Elliott Estate

78 Pa. D. & C. 406, 1951 Pa. Dist. & Cnty. Dec. LEXIS 194
CourtPennsylvania Orphans' Court, Schuylkill County
DecidedFebruary 26, 1951
Docketno. 17
StatusPublished

This text of 78 Pa. D. & C. 406 (Elliott Estate) is published on Counsel Stack Legal Research, covering Pennsylvania Orphans' Court, Schuylkill County primary law. Counsel Stack provides free access to over 12 million legal documents including statutes, case law, regulations, and constitutions.

Bluebook
Elliott Estate, 78 Pa. D. & C. 406, 1951 Pa. Dist. & Cnty.

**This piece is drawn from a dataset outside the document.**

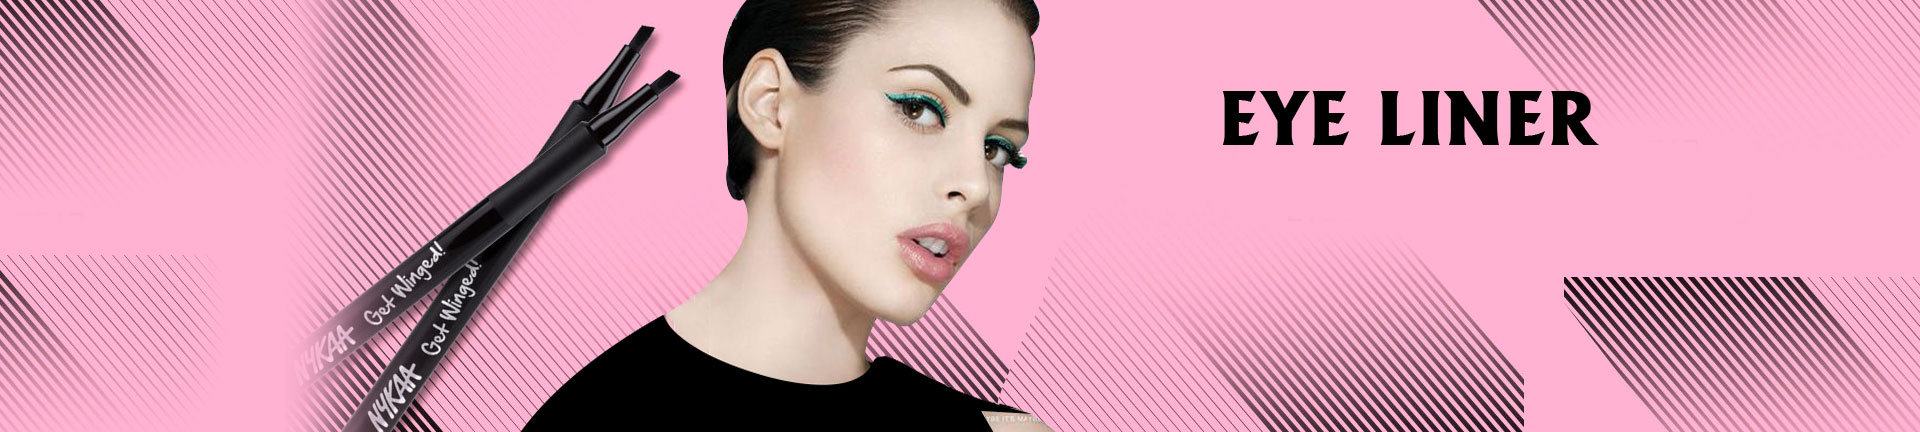 Buy Eyeliner For Women online @ Best Price in Pakistan
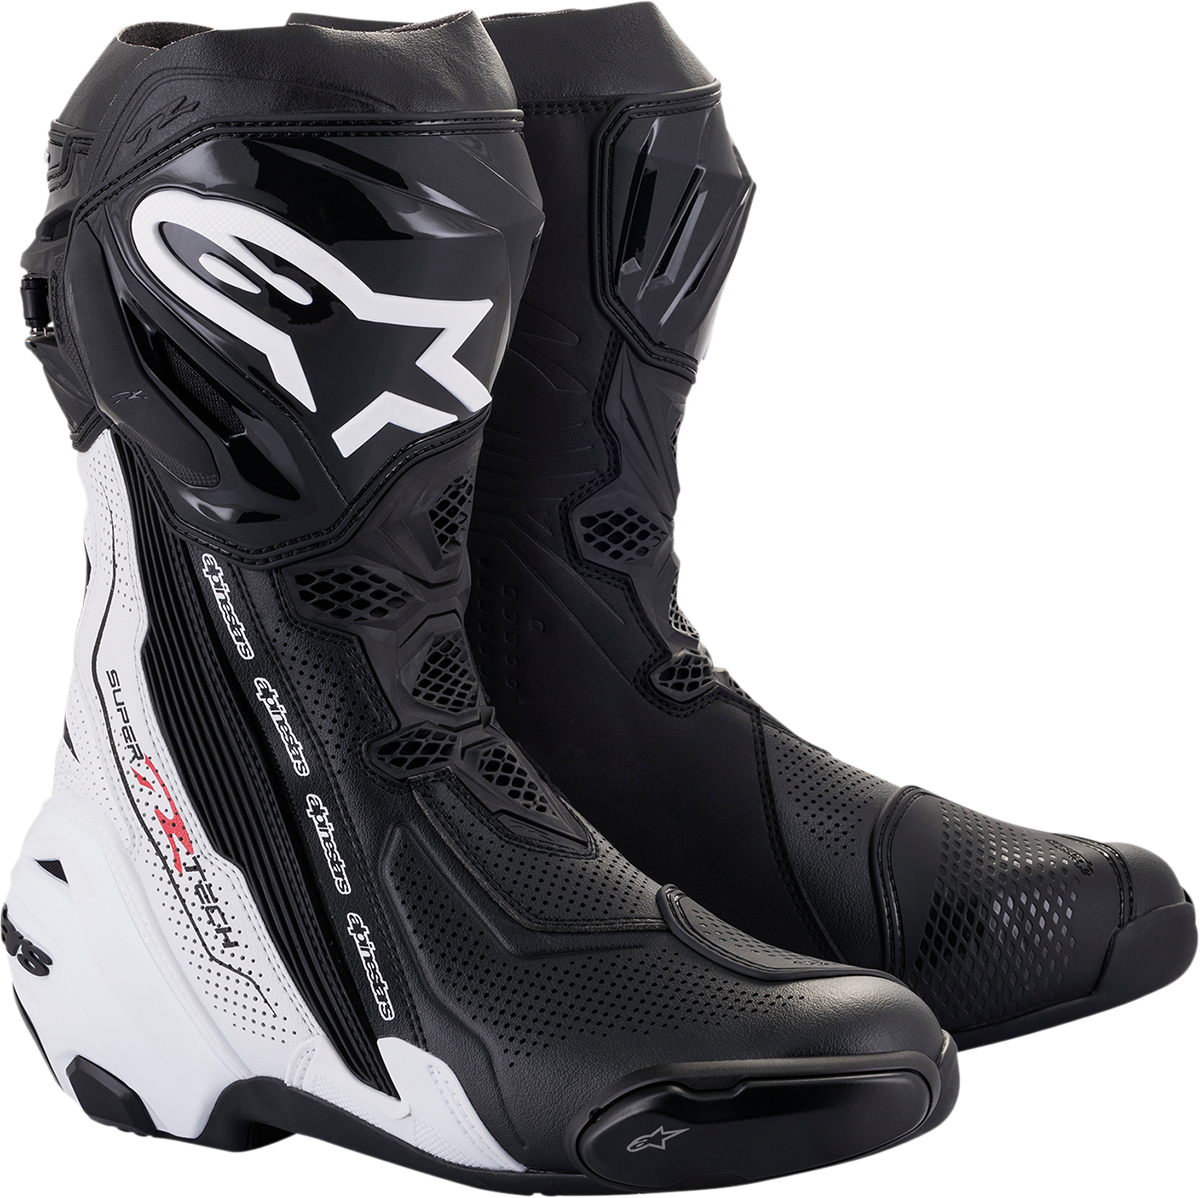 ALPINESTARS Supertech V Boots - Black/White - US 9.5 / EU 44 2220121-12-44

Dec. LEXIS 194 (Pa. Super. Ct. 1951).

Opinion

Gangloff, P. J.,

— Nevin E. Elliott died on May 6, 1948, intestate, leaving to survive him his spouse, Marion Elliott, and his parents, Edward J. and Mary E. Elliott, as his heirs and next of kin entitled to his estate under our Intestate Act of 1947. Under the provisions of that act the surviving spouse is entitled to the “first ten thousand dollars in value and one-half of the balance” of decedent’s estate and his surviving parents take the remaining one half as tenants by entireties. Of course, these interests are subject to debts, funeral and administration expenses and taxes.

The Federal estate tax paid thus far is $2,319.71, plus $76.95, or $2,396.66. Final clearance has not been received and according to letter of February 13, 1951, from the Collector of Internal Revenue, it may require as many as six months for the bureau to complete a final audit of the tax liability. Until that final audit is completed there will remain the question of whether the amount already paid represents payment [407]*407in full of the Federal estate tax. The accountant will retain sufficient cash to cover possible additional estate taxes.

There being more than one beneficiary of decedent’s gross estate returned for Federal estate tax purposes, this court is required to prorate that tax in the manner indicated in the Tax Proration Act of July 2, 1937, P. L. 2762 (section 48.1 of the Fiduciaries Act of 1917, not repealed by the Fiduciaries Act of 1949). The Federal estate tax is an excise levied upon the transfer of the estate at the death of the owner and is to be distinguished from an inheritance tax, which is a tax upon the receipt of benefits under the law or decedent’s will: Wilkinson’s Estate, 37 D. & C. 243; in other words, the Federal estate tax, unlike the normal State inheritance tax, is a tax upon the property of decedent, and it is left to the State to determine what interests in the estate should bear the burden of the taxes: Harvey Estate, 350 Pa. 53. The tax is payable in the first place by the administrator (in the instant case) and the amount of the tax so paid “shall be equitably prorated among the persons interested in the estate to whom such property is or may be transferred, or to whom any benefit accrues” (quoted from Tax Pro-ration Act of 1937, supra).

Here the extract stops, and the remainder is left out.